Joe, I reread the interview of Richard Brown from VIA, the one posted by WBMW. I think Brown has it backwards, probably as a result of pumping up VIA's own products.
The CPU is always sensitive to latency, much more so than any other component in the system. Putting the memory controller right on the CPU die helps to lower that latency. I believe this is where AMD will experience the majority of their estimated performance gains with Hammer.
Meanwhile, moving the memory controller away from AGP and other I/O doesn't affect performance all that much, because I/O is more concerned with bandwidth, not latency. The exception would be nForce-like integrated graphics, but integrated graphics are never meant to have cutting-edge performance, not even nForce.

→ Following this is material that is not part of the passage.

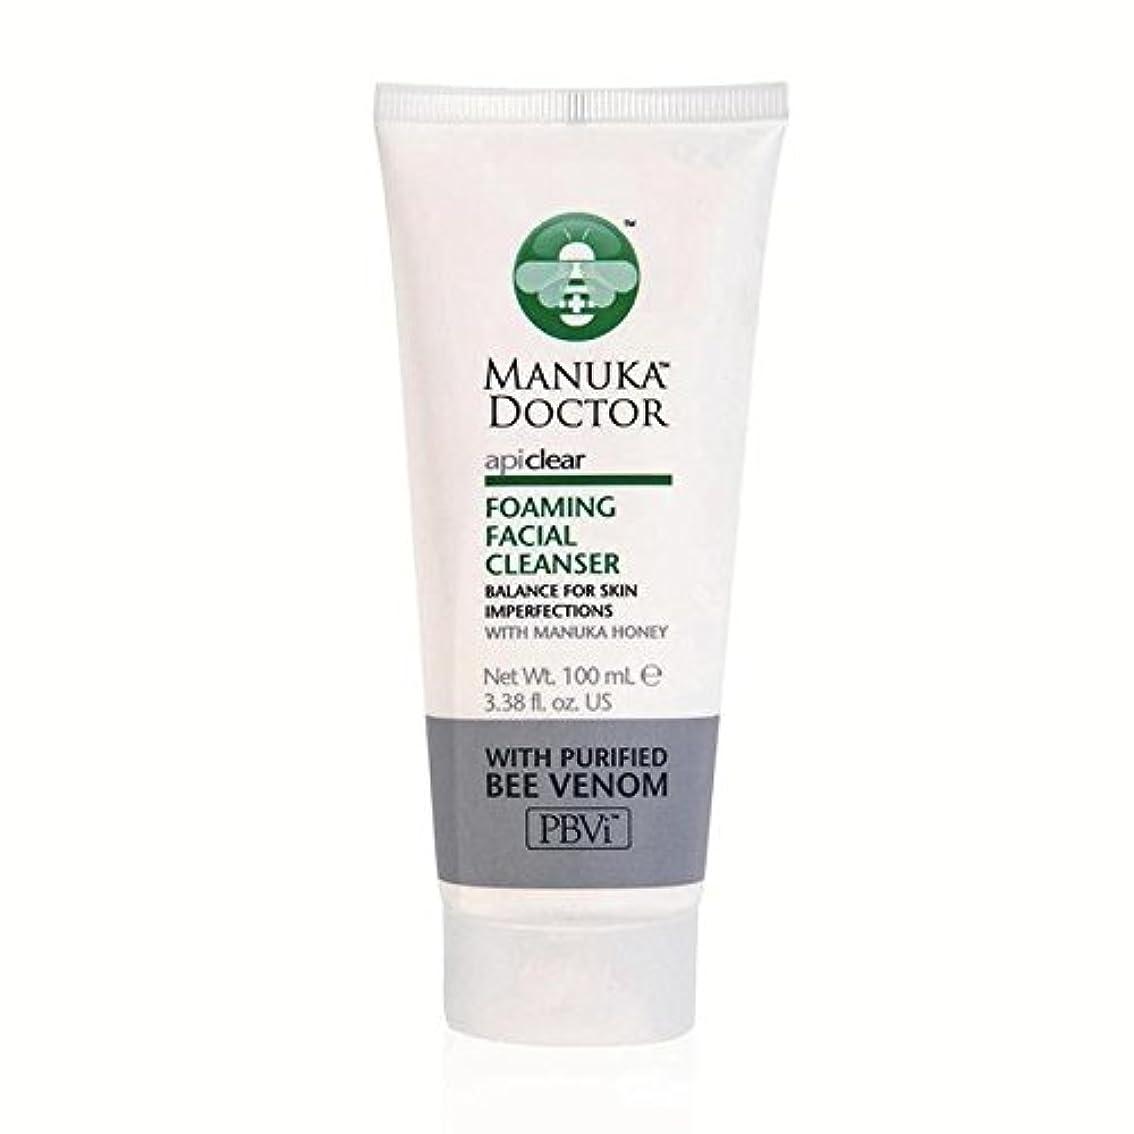 講師衣装すずめマヌカドクター明確な泡立ち洗顔料の100ミリリットル x4 - Manuka Doctor Api Clear Foaming Facial Cleanser 100ml (Pack of 4) [並行輸入品]

All of the above is true for single-processor systems. However, when you move to multiprocessor systems, it's a slightly different ballgame. The good news about the Hammer design is that memory bandwidth scales with the number of CPUs. The bad news is that the Hammer approach is much tougher to implement than a shared bus architecture like Pentium 4, Itanium, or McKinley. Not only that, but without ccNUMA support on your OS, average latency will suffer because only a fraction of your memory accesses can be satisfied by the on-die memory controller. ccNUMA support is usually a feature exclusive to high-end server OSs.
Tenchusatsu |